Below this small, modestly rich, and fragmented upper
class
was a somewhat larger, but still limited, middle stratum.
This
group consisted of soldiers, artisans, craftsmen,
bureaucrats,
and small traders. Farther down the social ladder was the
vast
bulk of the population. Persons in this stratum, who were
considered and considered themselves lower class,
consisted
largely of peasants of mixed descent. They had different
values,
life-styles, family patterns, and religious practices from
those
of the upper class. These Venezuelans played only a
marginal role
in the country's affairs. They occupied a subordinate and
dependent position in the socioeconomic structure and
exercised
political influence only by joining the ranks of the local
caudillo's personal militia.
Independence effected few changes in the relative
position
and sizes of these three classes. Indeed, until the
discovery and
exploitation of large quantities of oil in the first two
decades
of the twentieth century, Venezuela's economy and society
exhibited a traditional agrarian pattern dominated by the
production of export crops, such as cocoa and coffee, and
some
cattle raising. The shift to oil and the subsequent
expansion of
manufacturing eradicated the old order. In less than a
generation, Venezuela became a far more modern,
urban-based
society. By 1960 some 60 percent of the population lived
in
cities of over 5,000 inhabitants, and the population of
metropolitan Caracas numbered over a million.
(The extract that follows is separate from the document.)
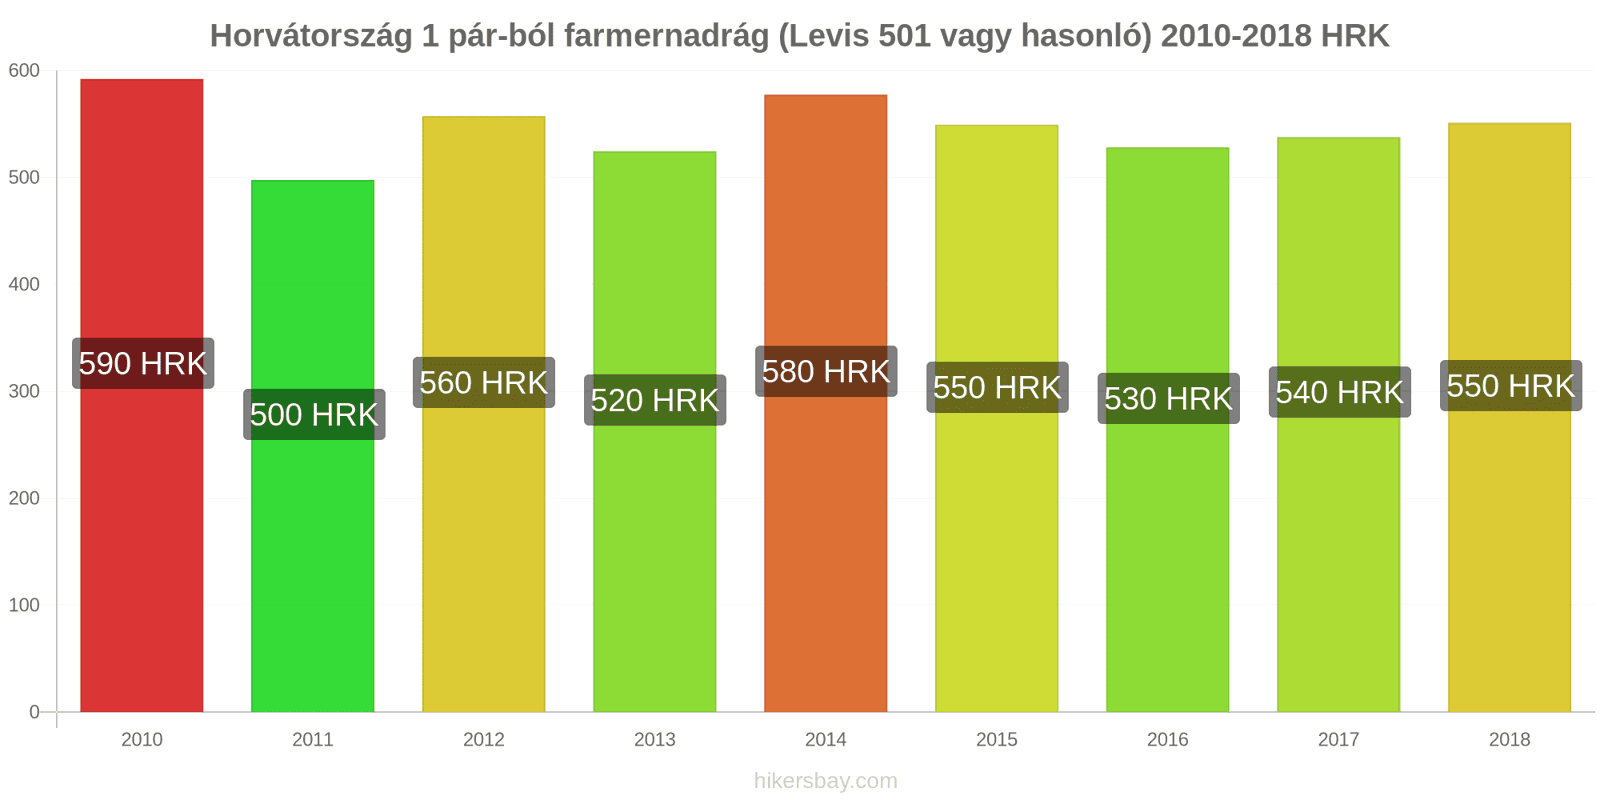 Horvátország ár változások 1 pár farmer (Levis 501 vagy hasonló) hikersbay.com

Middle-class Venezuelans became a highly mobile people,
moving regularly from place to place and job to job.
Traditional
values changed in ways that made the society more open and
class
boundaries more flexible. The ongoing process of value
modification contributed to changes that accelerated in
the 1970s
and 1980s, as more women entered the universities and the
labor
force and more citizens participated in the liberalized
political
system. In the 1990s, a Venezuelan society still exhibited
enormous differences between its upper and its lowest
strata. But
the social system had become more permeable, and the urban
middle
class had become probably the most effective group
involved in
the country's vigorous partisan politics. Many Venezuelans
therefore felt that the greatest challenge to their
sociopolitical system lay not in further involvement of
the
middle class, but in responding to the concerns of the
still
large group at the base of the societal pyramid.